Sure looks very content


----------



## Midnight (Jan 17, 2009)

Mai tai sure looks comfy bless  :001_wub:


----------



## Biawhiska (Mar 28, 2008)

awww she seems very happy with her present. none of mine will use a radiator bed! very strange.


----------



## Jen26 (Apr 22, 2008)

looks like the new bed is a hit. Mine have 2 of them but they seem to prefer to pull off the cover and sit on the floor lol


----------



## Guest (Feb 19, 2009)

happy half birthday.
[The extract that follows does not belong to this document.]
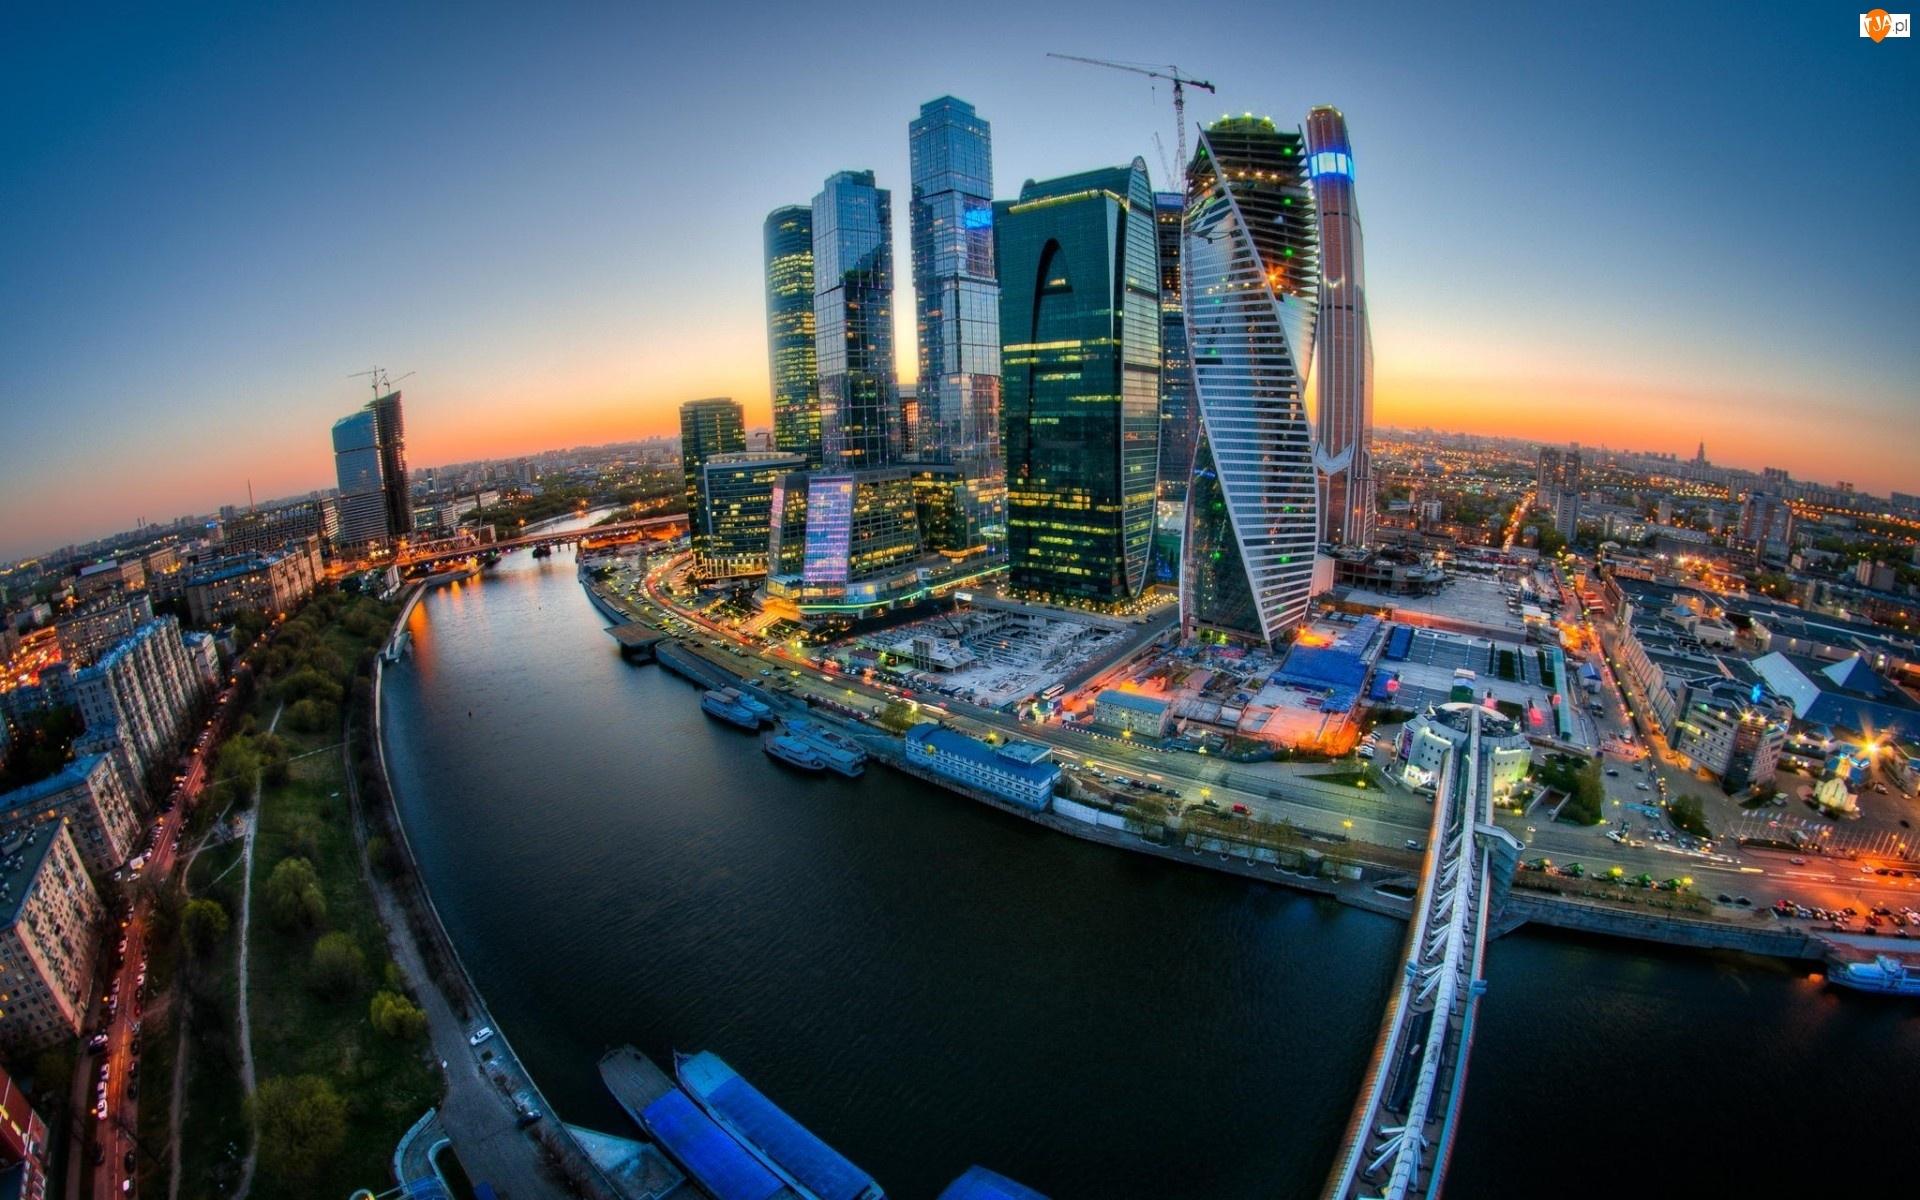 Panorama, Wschód, Rosja, Chmur, Mosty, Drapacze, Moskwa, Rzeka, Słońca

What a pretty girl. £8??? they are £14.99 at [email protected]!


----------



## Aud's_Mum (Aug 4, 2008)

*HAPPY BIRTHDAY MAI TAI!!* Can i join you in the radiator bed please? 
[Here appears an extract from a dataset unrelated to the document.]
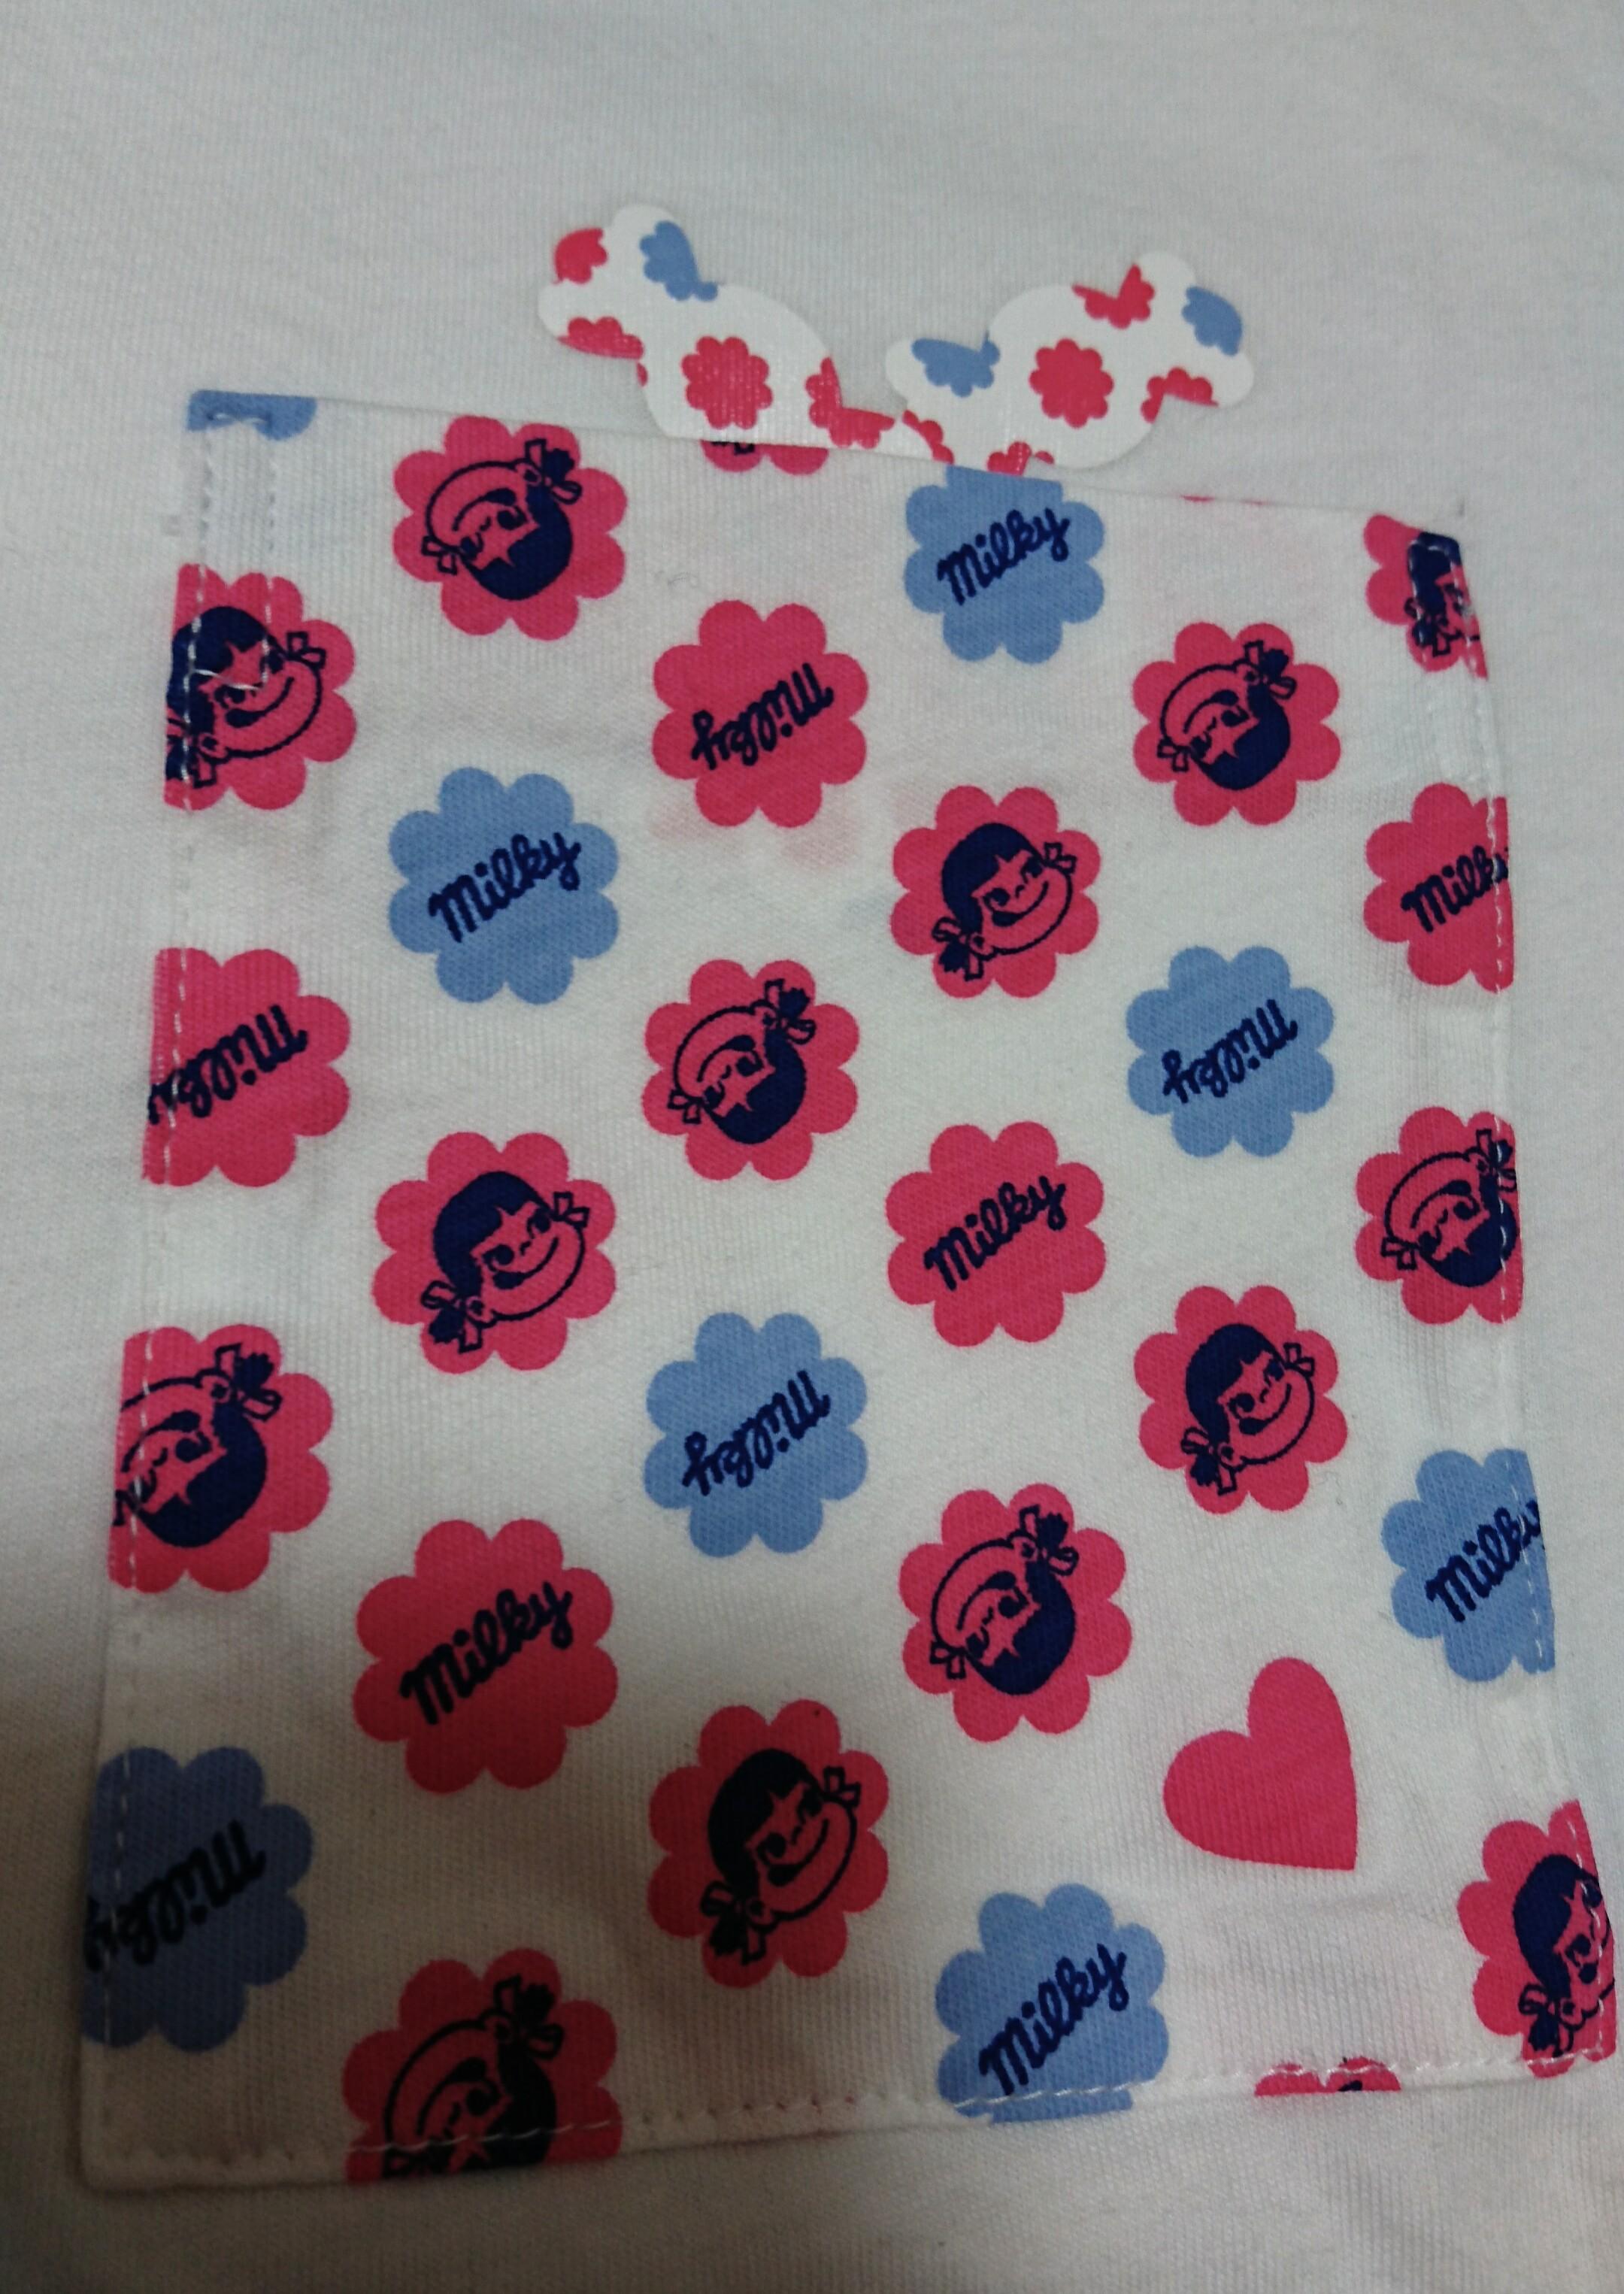 【ユニクロUT】今夏のヘビロテ確実!お菓子とコラボのTシャツ_2

Thats an absolute bargain Lynn!!


----------



## RowanWolf (Jan 30, 2009)

Happy Birthday Mai Tai 

Bargain that.. is it sturdy?


----------



## lymorelynn (Oct 4, 2008)

RowanWolf said:


> Happy Birthday Mai Tai
> 
> Bargain that.. is it sturdy?


I thought it was a bargain too! It is quite sturdy - good thick tubing for the frame but I'm glad that Gizmo isn't too keen on it - I think the radiator would be off the wall if he jumped on it . We put him in it but he just jumped out again and went back to his favourite stair lol:blink:
Mai Tai loves it and blends in nicely with the fabric too . 
Thank you all for your good wishes for her 'half birthday':001_smile:


----------



## MADCAT (Nov 21, 2008)

Happy belated half Birthday Mai Tai, love the new bed, i may have to get one of those. xxx


----------



## KarenHSmith (Apr 20, 2008)

Aw looks like he is enjoying his new bed  

Thanks for posting


----------



## vickie1985 (Feb 18, 2009)

thats a happy kitty 

i have often looked at them, but my 2 like to sleep together, and im unsure if it would break as my Diesel is a heavy little lump


----------



## DKDREAM (Sep 15, 2008)

aww she looks to be loving it, gosh hasnt she grown though :yikes:


----------



## CanIgoHome (Oct 25, 2008)

aww bless you looks so happy

Happy half birthday beautiful


----------